DNA Nanostructures for Modular Growth Factor Delivery and Peripheral Nerve Repair

Abstract

Severe peripheral nerve injuries cause significant functional impairments due to limited regenerative capacity. Growth factors such as brain-derived neurotrophic factor (BDNF) and nerve growth factor promote neuronal differentiation and regeneration, but their controlled and efficient delivery remains challenging. Here, we present square block DNA nanostructures (SQBs) as a modular platform for the spatially controlled presentation of growth-factor-mimicking peptides. SQBs displaying 38 BDNF-mimicking peptides at 5 nm intervals enhanced the neuronal differentiation of human mesenchymal stem cells. Dual-ligand presentation was validated using fluorescein isothiocyanate and cyanine5.5, demonstrating ratio-controlled conjugation and colocalized delivery within single cells.

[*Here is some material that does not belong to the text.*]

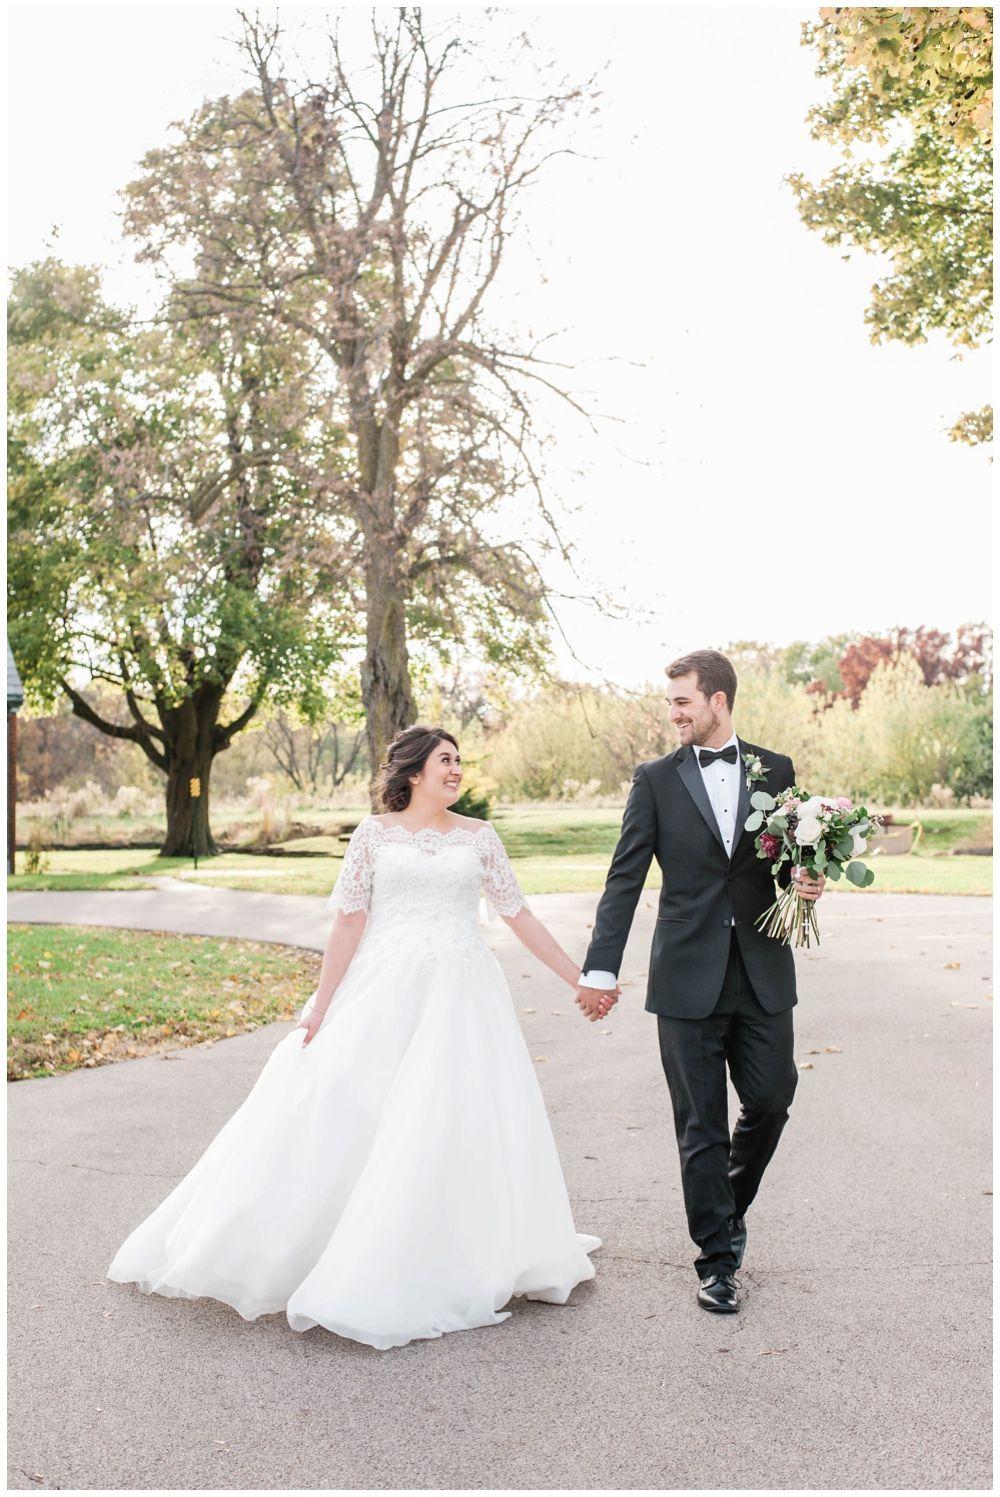 Venutius addison black tie wedding chicago wedding photography

In a sciatic nerve injury model, BDNF-functionalized SQBs modestly improved functional recovery, reduced muscle atrophy, and enhanced remyelination compared to the untreated crush group. Histological analysis revealed increased myelin sheath thickness and improved axonal integrity. These findings underscore potential SQBs as programmable and spatially precise delivery systems for neuroregenerative therapies and broader tissue repair strategies.